**Task objective**
When you transcribe the data below, reproduce every line exactly and leave each picture out.

**Data block**
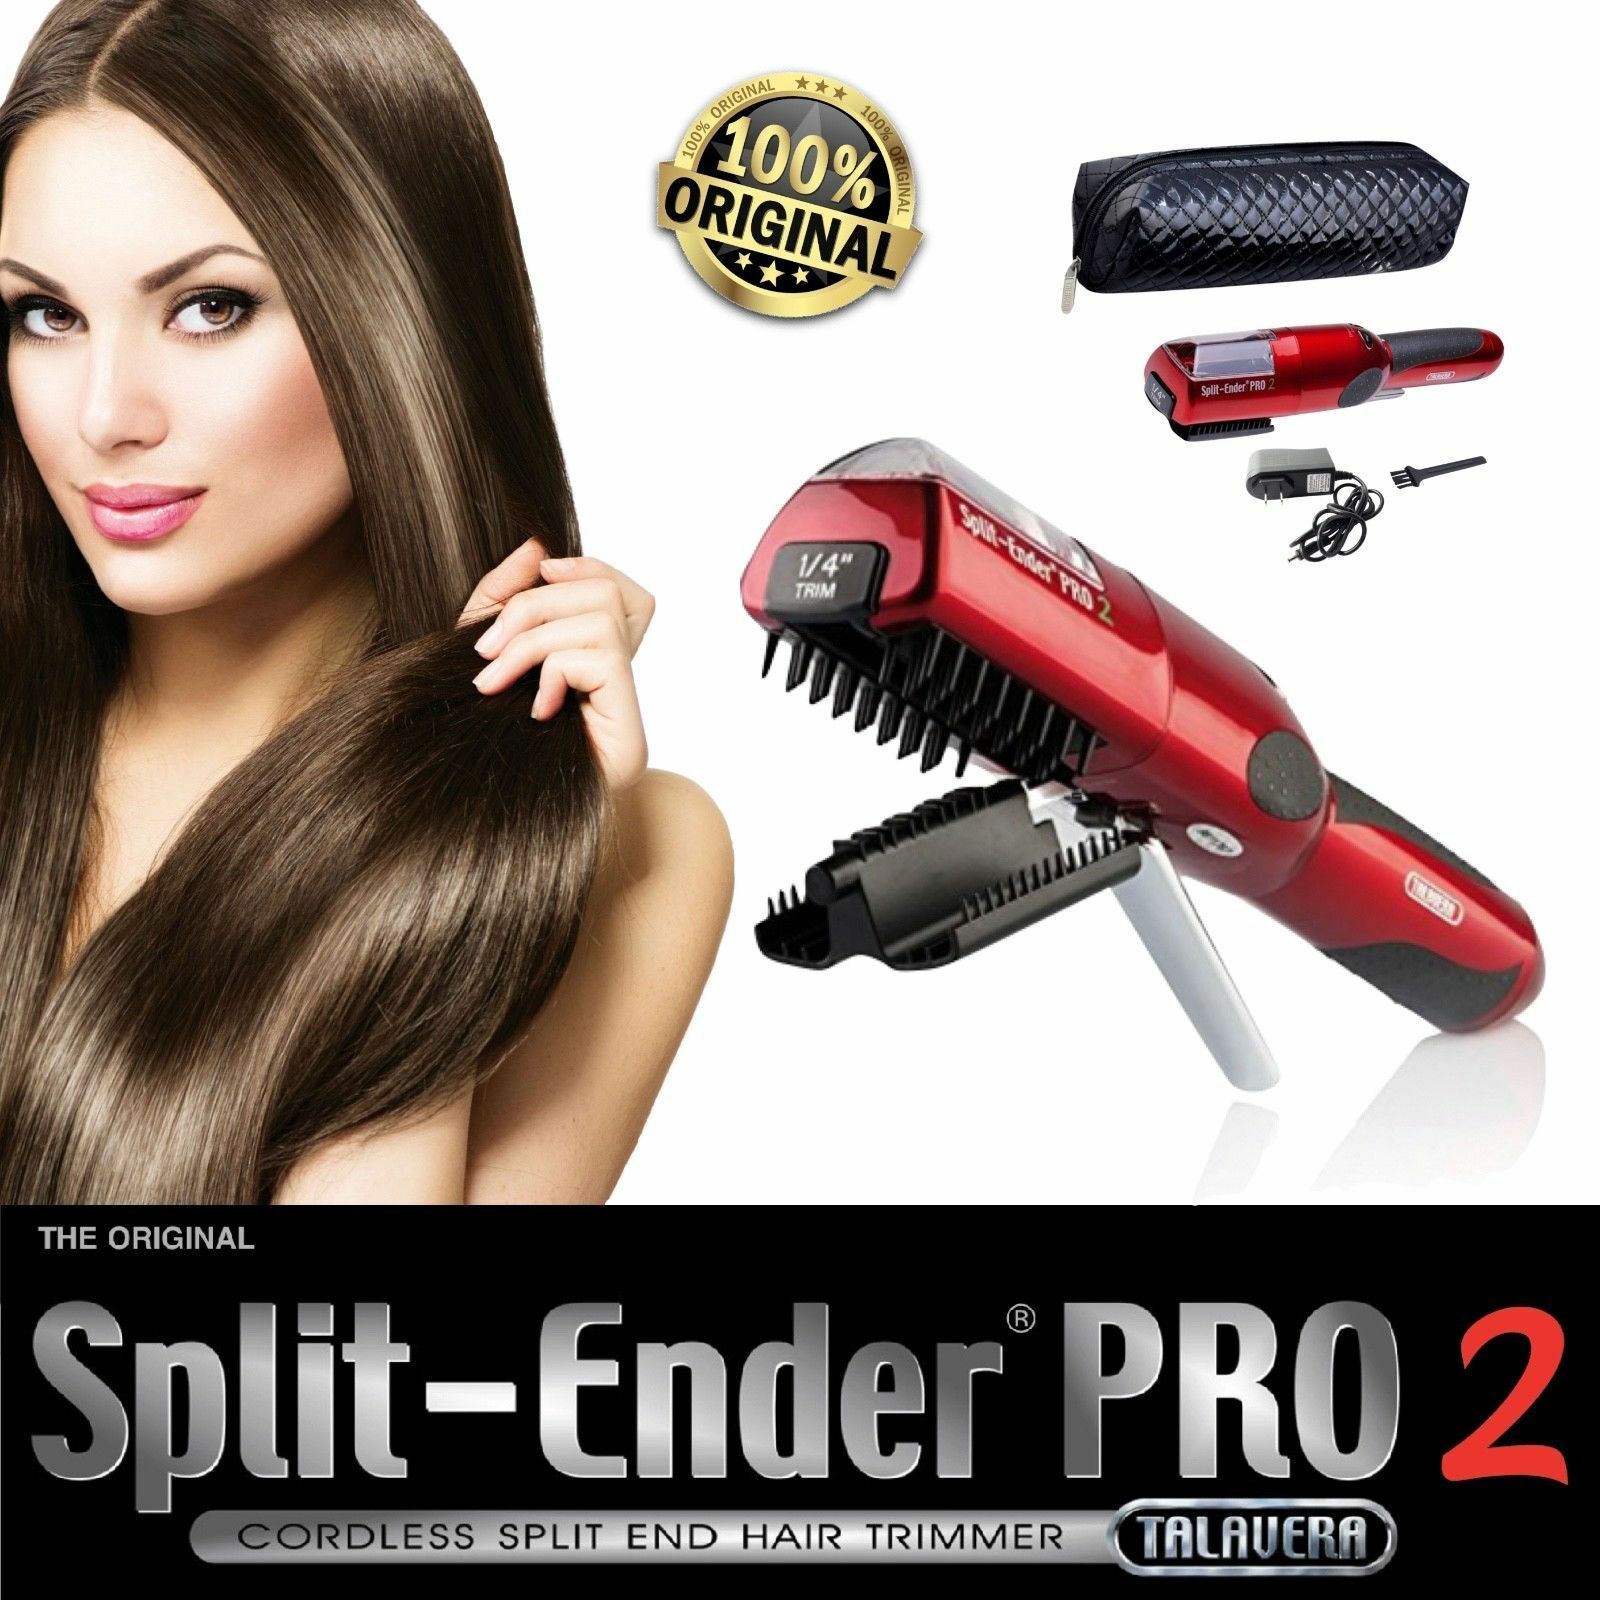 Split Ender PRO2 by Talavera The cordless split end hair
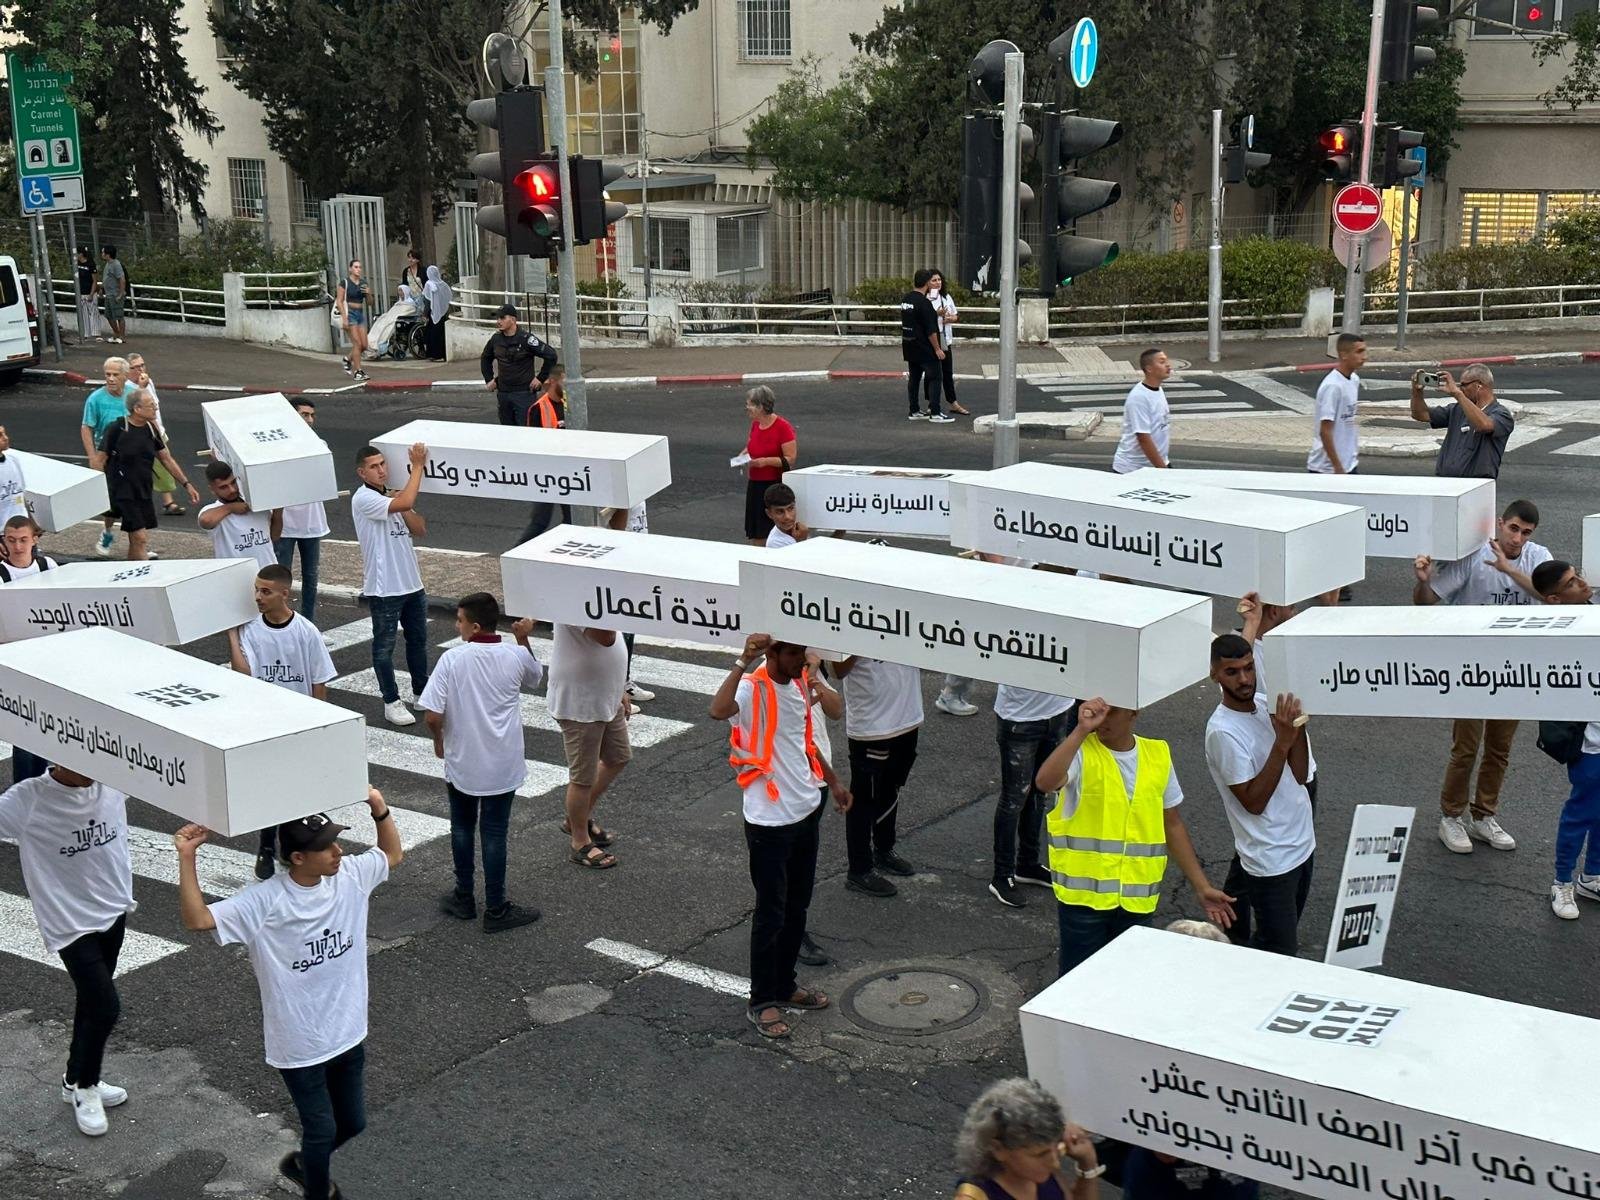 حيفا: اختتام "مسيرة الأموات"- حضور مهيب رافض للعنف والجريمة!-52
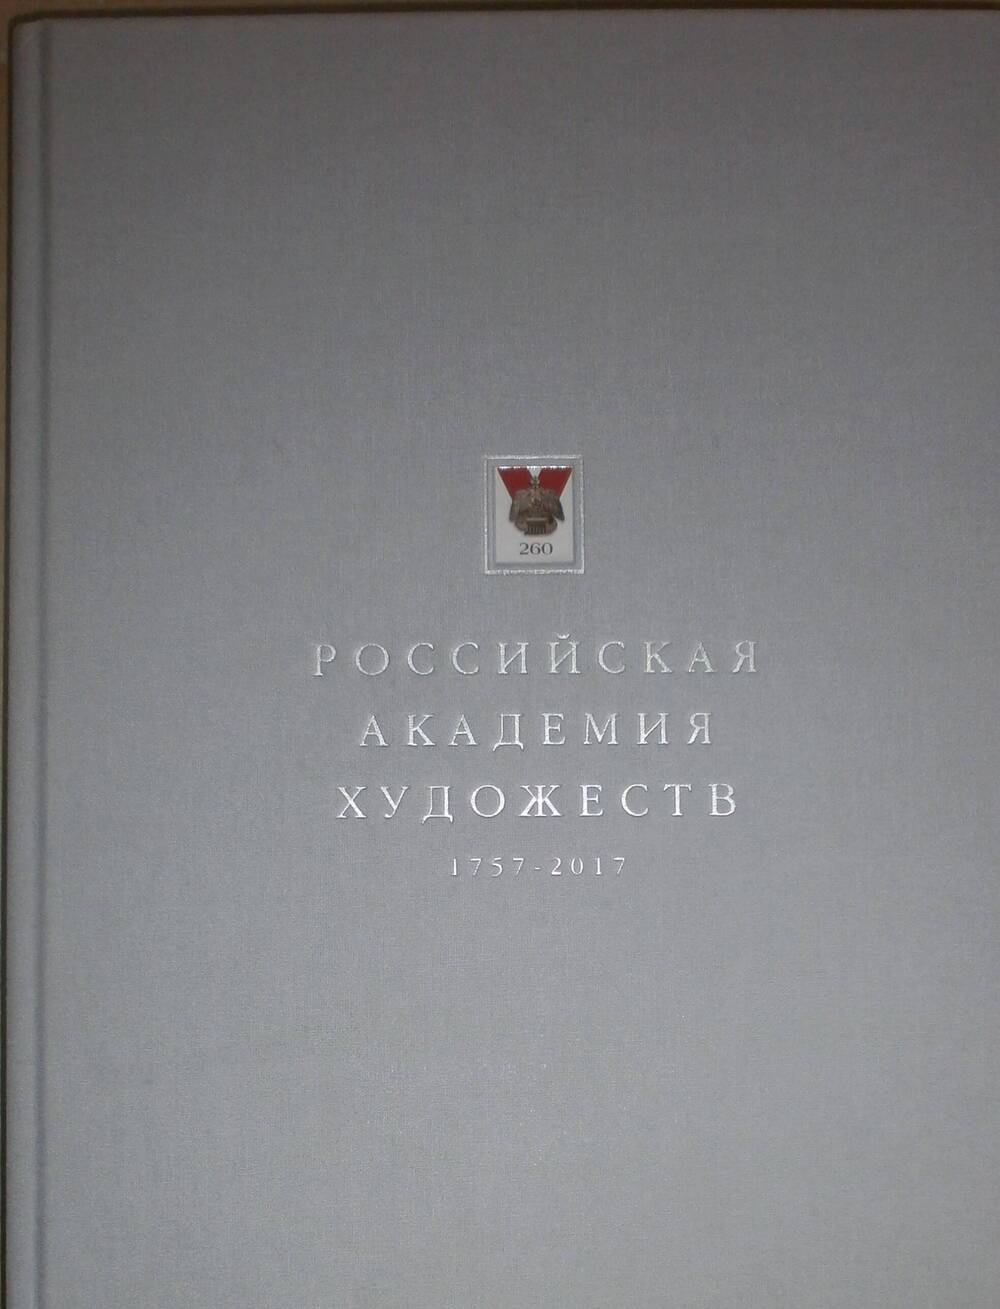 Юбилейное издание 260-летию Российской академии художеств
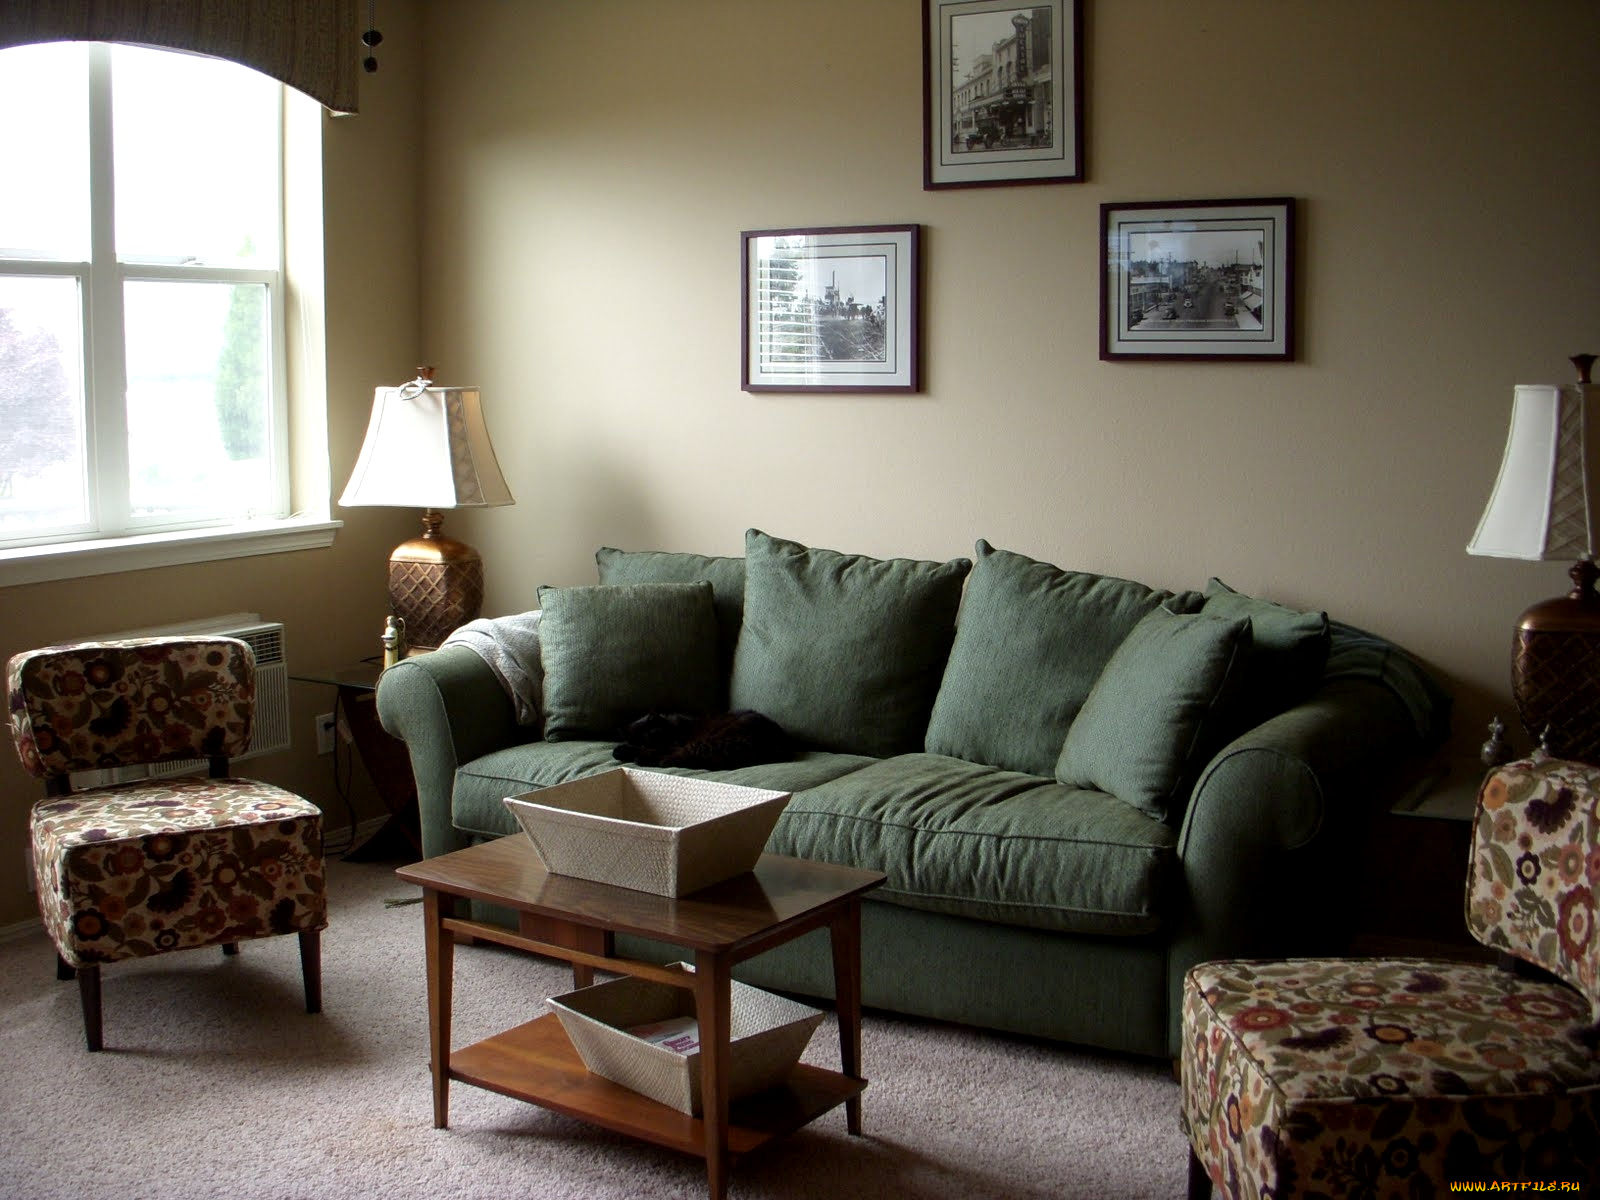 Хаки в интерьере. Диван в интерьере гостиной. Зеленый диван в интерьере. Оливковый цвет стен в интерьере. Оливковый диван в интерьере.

**Solution**
 Split Ender PRO2 by Talavera The cordless split end hair
 حيفا: اختتام "مسيرة الأموات"- حضور مهيب رافض للعنف والجريمة!-52
 Юбилейное издание 260-летию Российской академии художеств
 Хаки в интерьере. Диван в интерьере гостиной. Зеленый диван в интерьере. Оливковый цвет стен в интерьере. Оливковый диван в интерьере.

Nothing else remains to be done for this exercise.